* _Dataset entries_:
◆ ◆ ◆ ◆ ◆ ◆ ◆

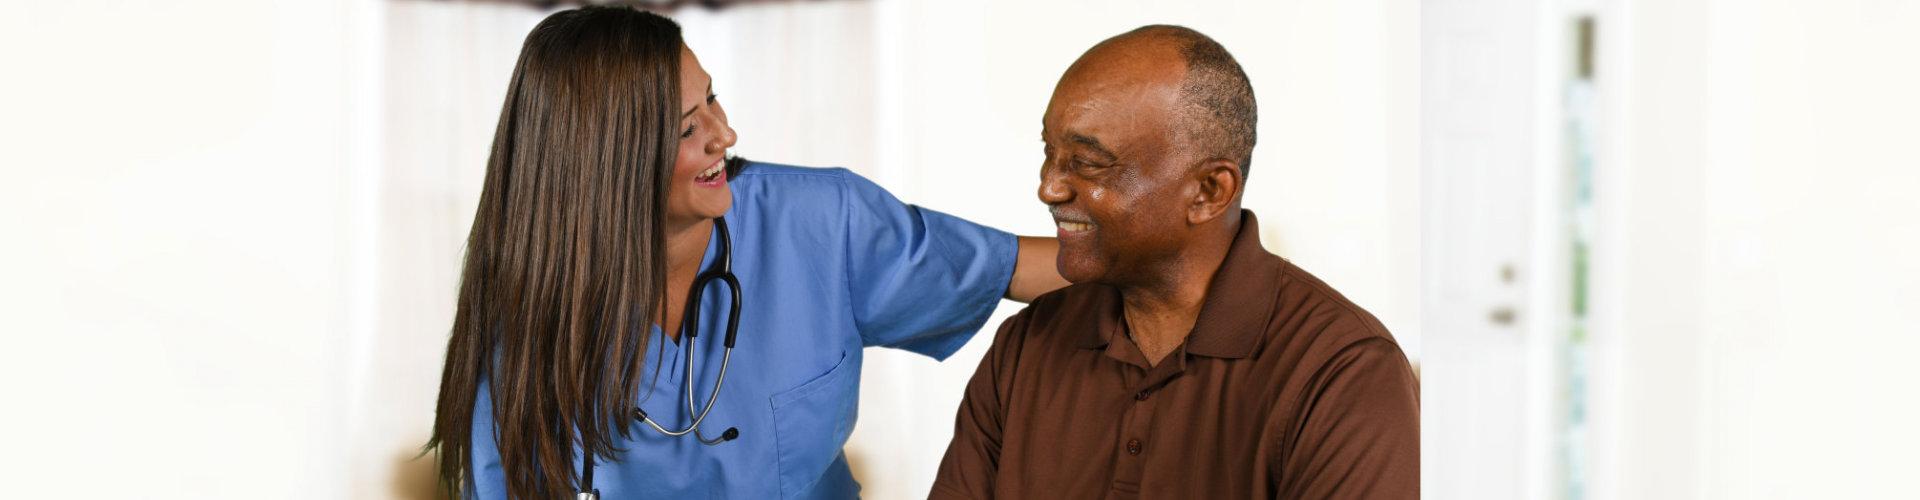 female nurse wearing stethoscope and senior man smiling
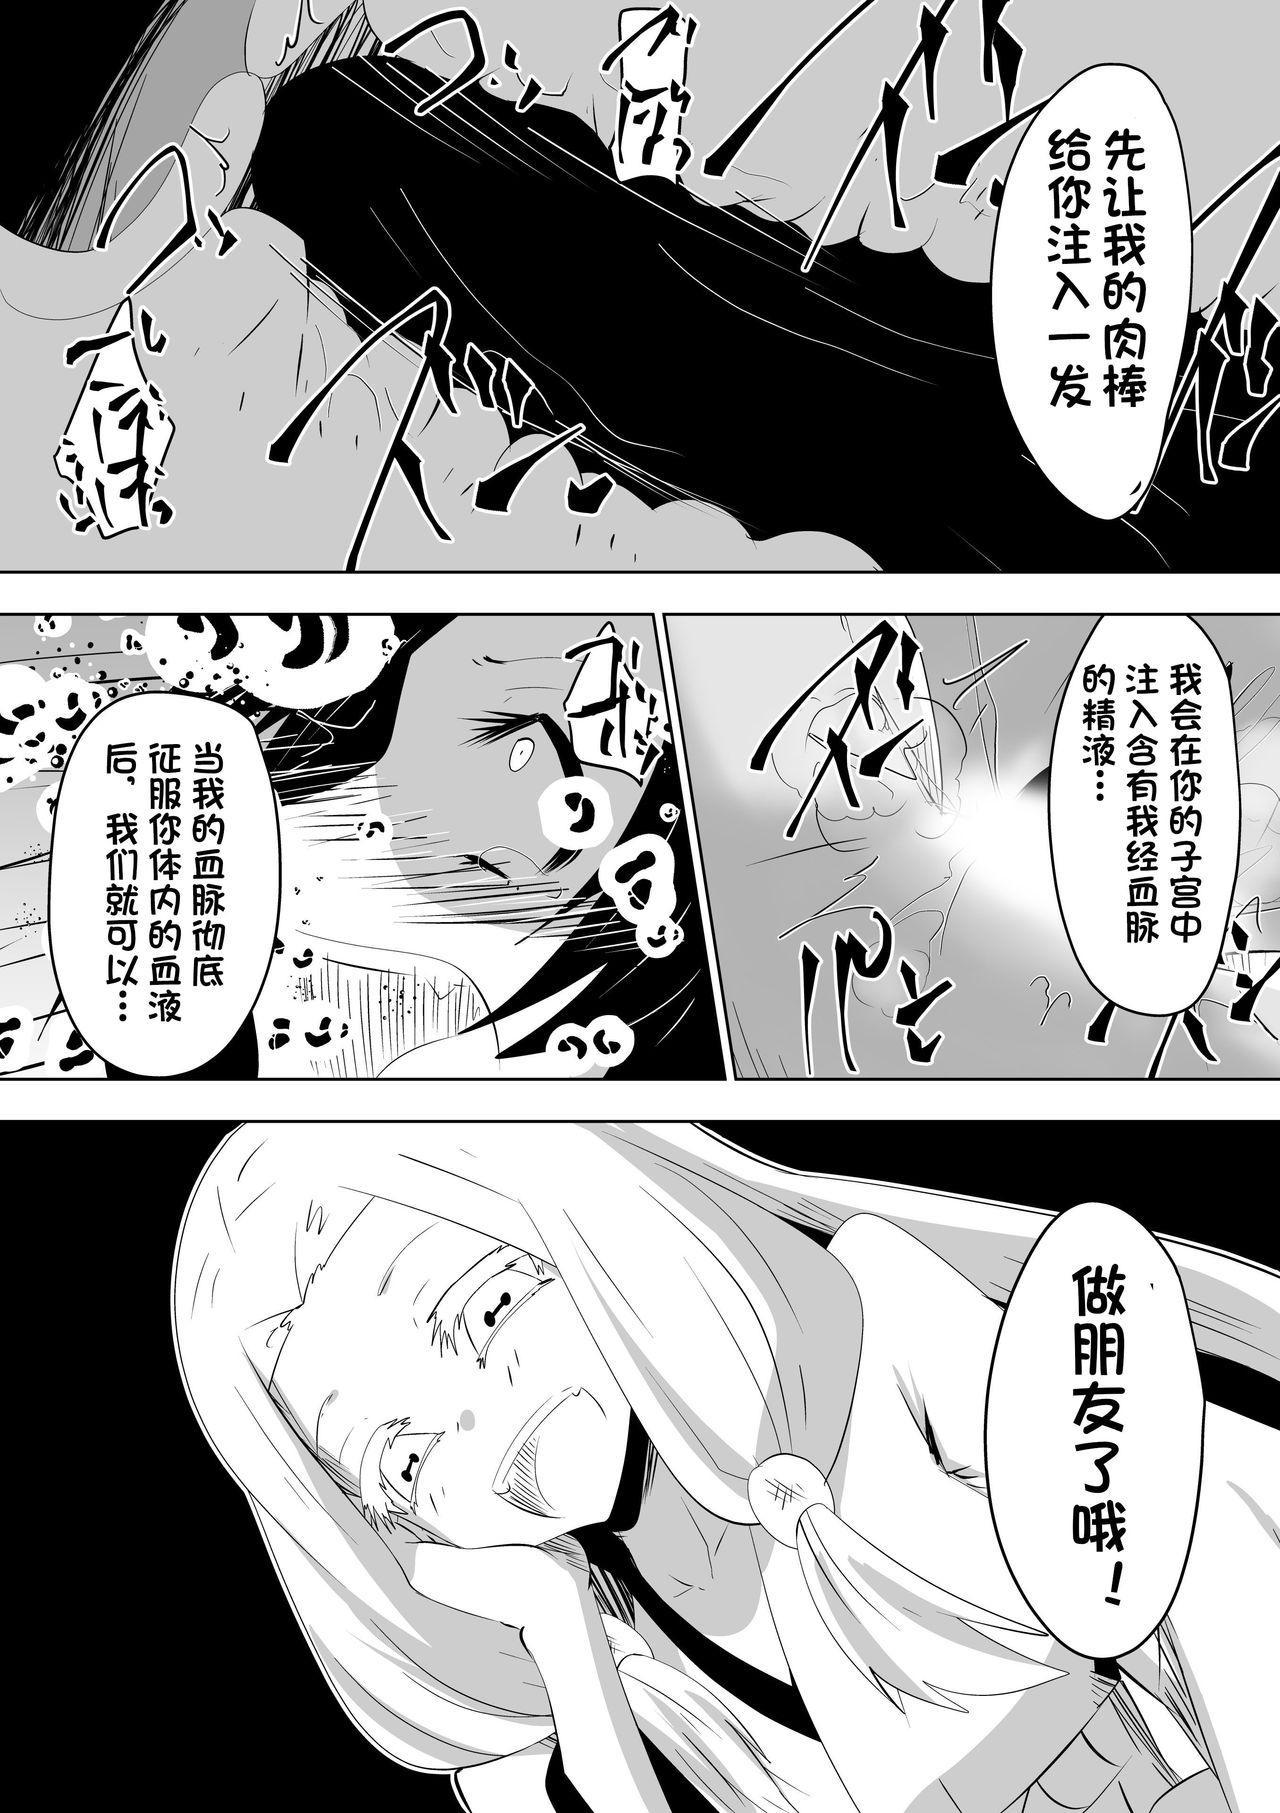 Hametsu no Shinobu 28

◆ ◆ ◆ ◆ ◆ ◆ ◆

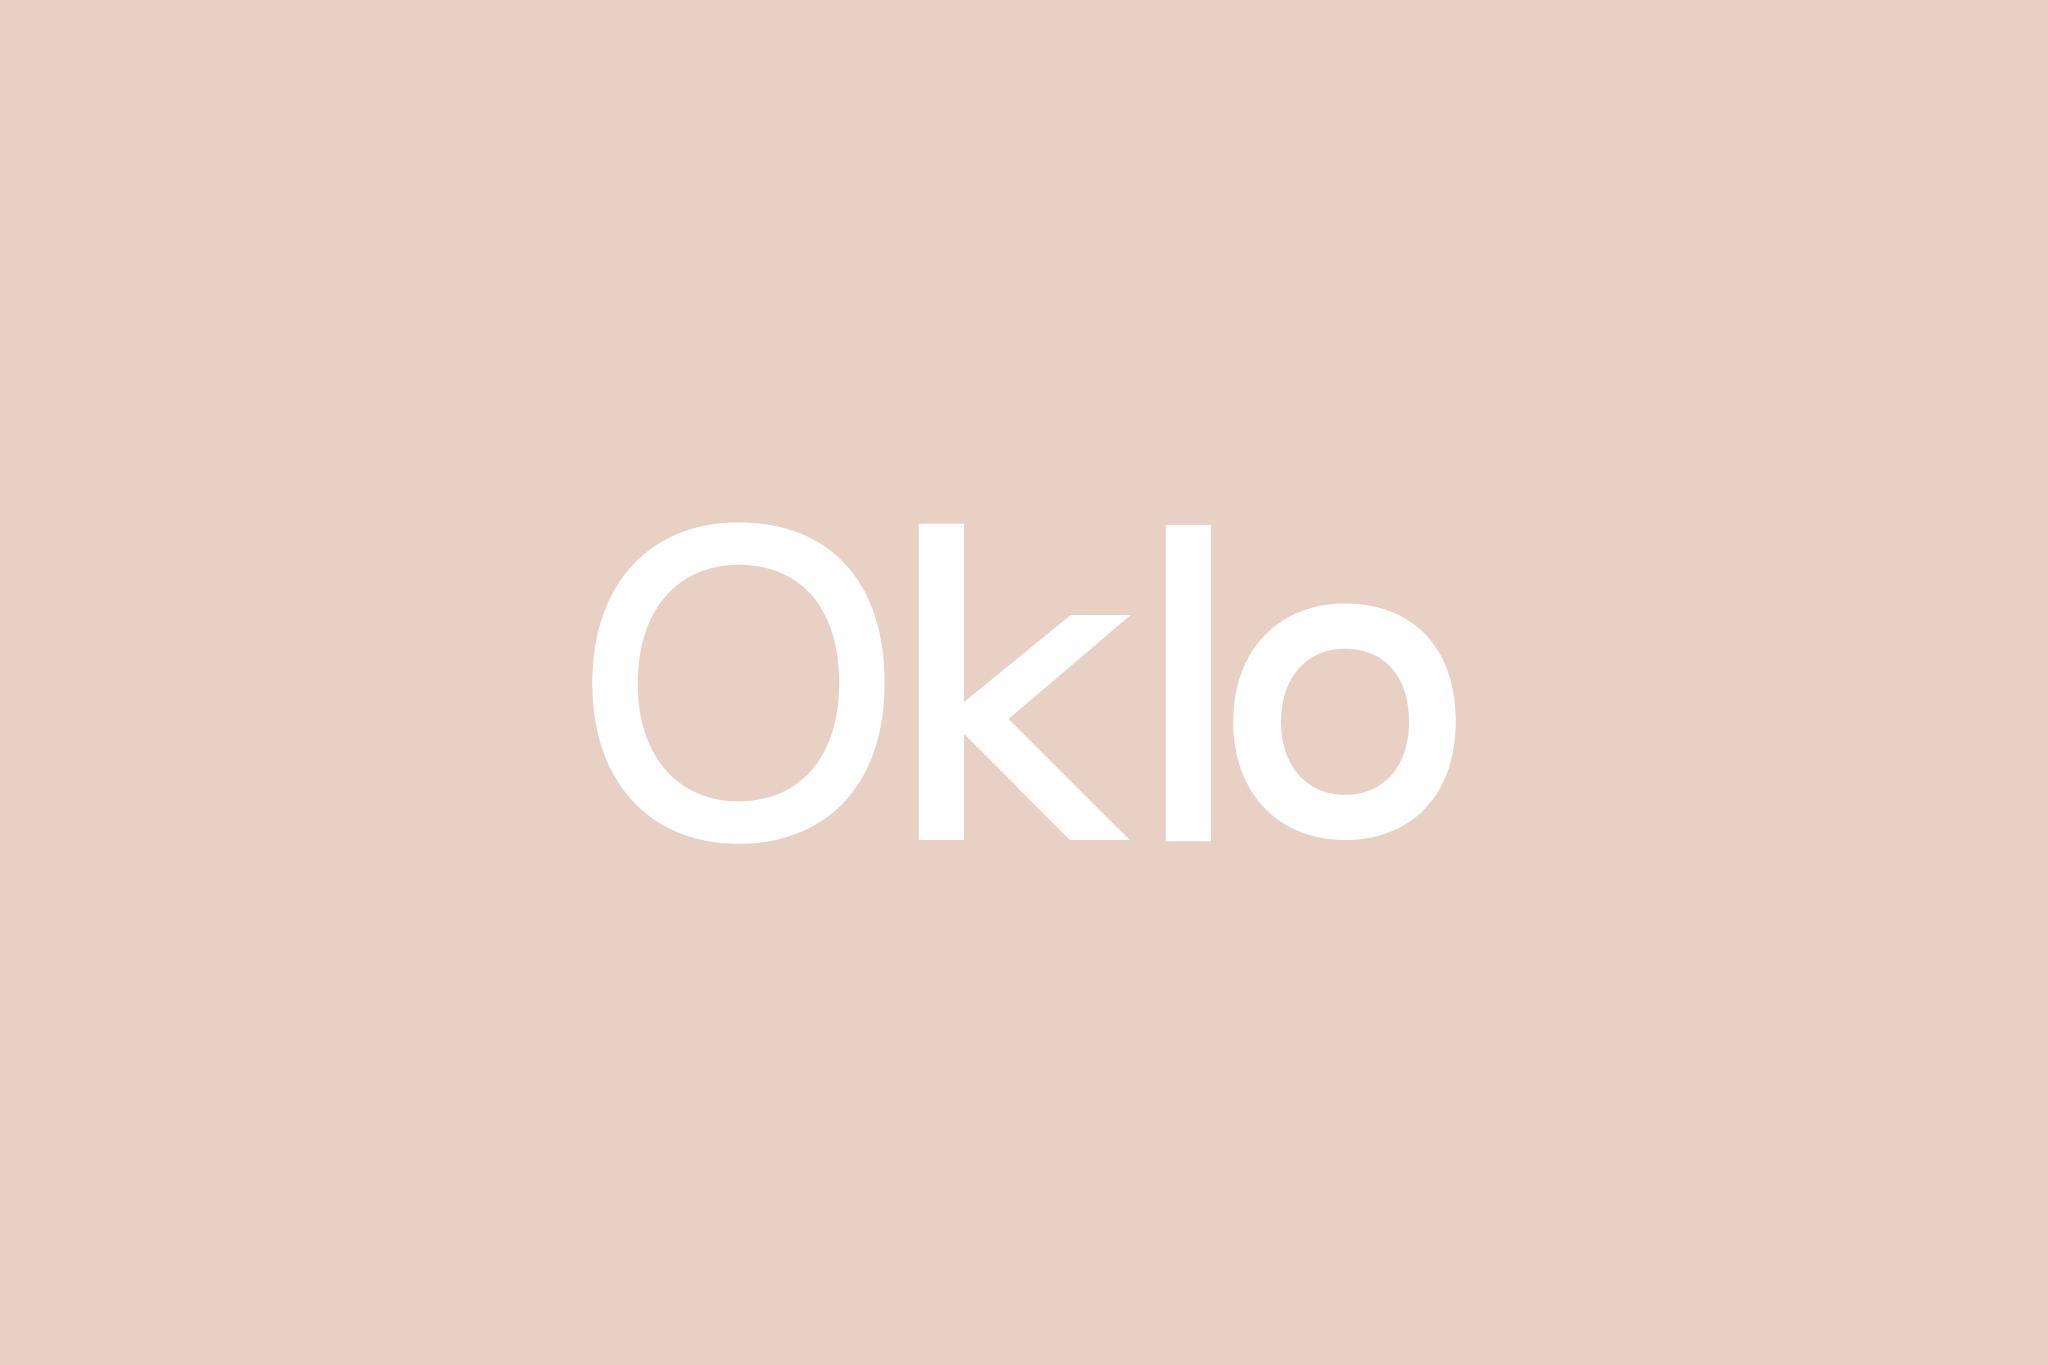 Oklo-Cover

◆ ◆ ◆ ◆ ◆ ◆ ◆

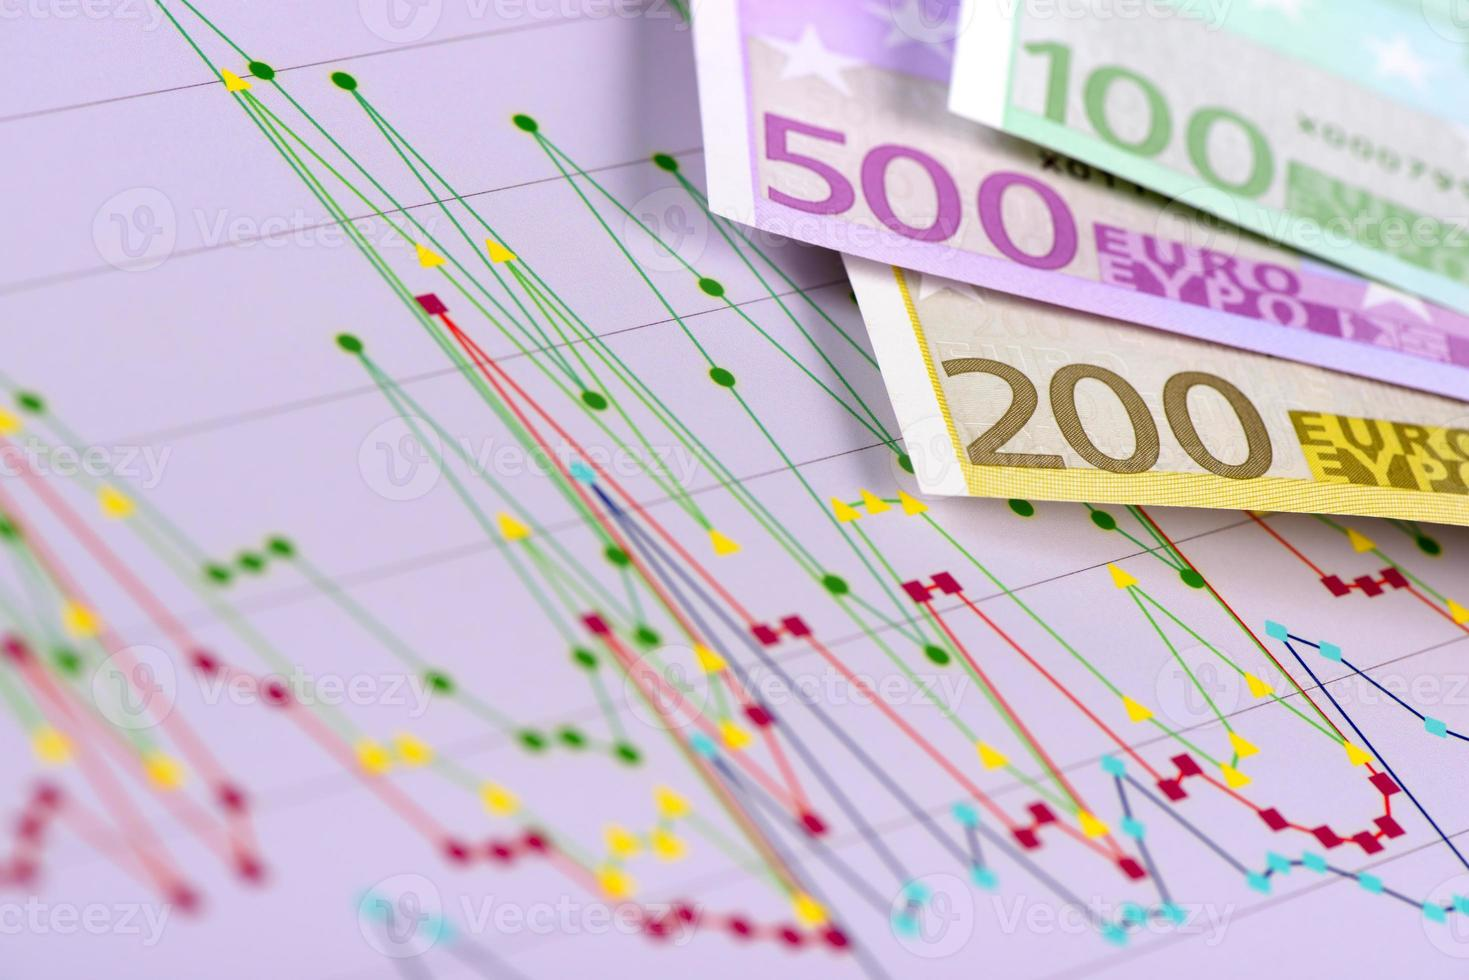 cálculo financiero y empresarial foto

◆ ◆ ◆ ◆ ◆ ◆ ◆

* _Task goal_:
Leaving each picture behind, please give again exactly the lines above from the one with "female nurse wearing" through the one with "Hametsu no Shinobu 28", both included, and no others.

* _Answer to this task_:
 female nurse wearing stethoscope and senior man smiling
 Hametsu no Shinobu 28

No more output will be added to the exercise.